Unlike PRIDE XML, mzIdentML, and mzTab files do not contain the mass spectra data. Instead they reference the mass spectra in linked external files. Jointly with the corresponding mzIdentML/mzTab files or independently as individual files, the most popular used mass spectra formats are fully supported: mzML and its predecessors, the XML-based formats, mzData and mzXML (37), and the highly used text-based formats, Mascot Generic Format#(MGF) DTA, Micromass PKL, MaxQuant apl (38), and MS2 (39). The exact formatting of these references depends on each particular file format. However, PRIDE Inspector hides this process from the end user, using the functionality provided by the jmzReader library (40).

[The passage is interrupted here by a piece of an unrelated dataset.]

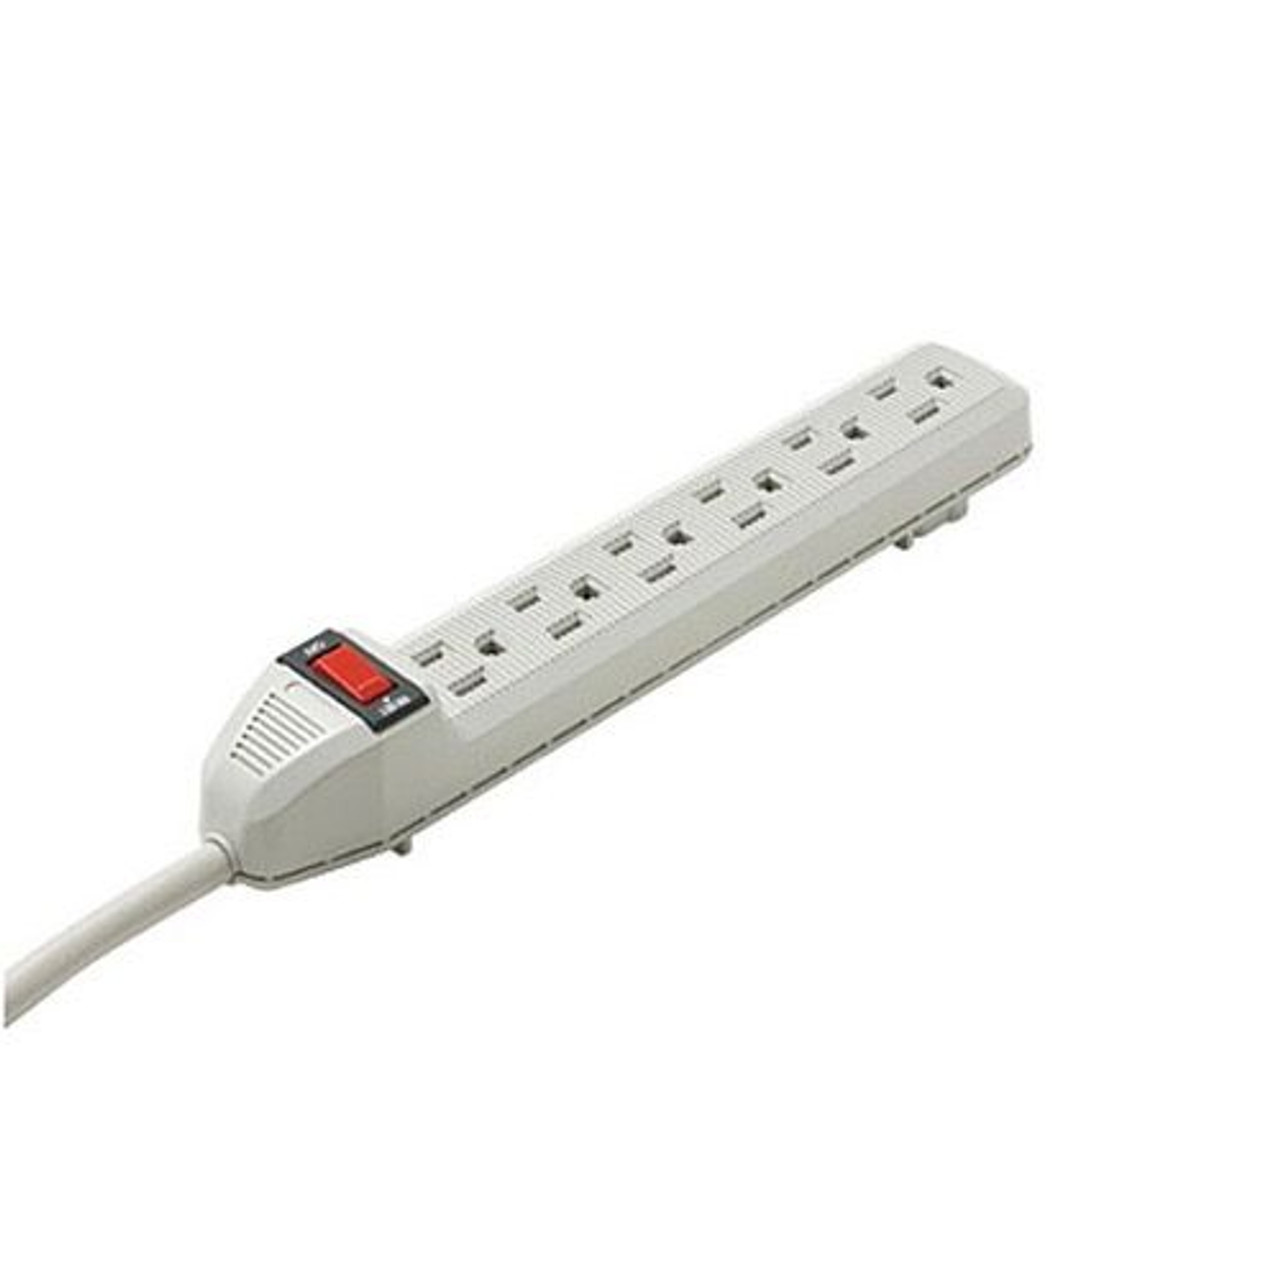 Steren 905-109 Surge Strip Protector 6 Outlet UL Listed 3' FT Cord 90 Joules Protector Safety Circuit Breaker with High-Impact ABS Plastic Housing and 14 AWG 3' FT Cord, On/Off Power Switch, Part # 905109

Example mzIdentML files (including the corresponding mass spectra files) coming from a variety of sources to test the functionality of the software are available at https://github.com/PRIDE-Toolsuite/inspector-example-files. As a key point, support for quantitative data has been greatly improved in the Toolsuite by reading and writing mzTab files. To our knowledge, the PRIDE Inspector Toolsuite is the first application that supports mzTab files containing identification and quantification results. Files from three different mzTab exporters have been tested and are fully supported: Mascot (from version 2.5), jmzTab-based data converters (https://github.com/PRIDE-Utilities/jmzTab), and IsoQuant (41) (Table II). Finally, support for the PRIDE XML format is maintained to ensure support for older data as well as existing converters and exporters.

Table II. List of supported file formats in PRIDE Inspector Toolsuite, including the list of the exporters explicitly tested and supported (by September 2015).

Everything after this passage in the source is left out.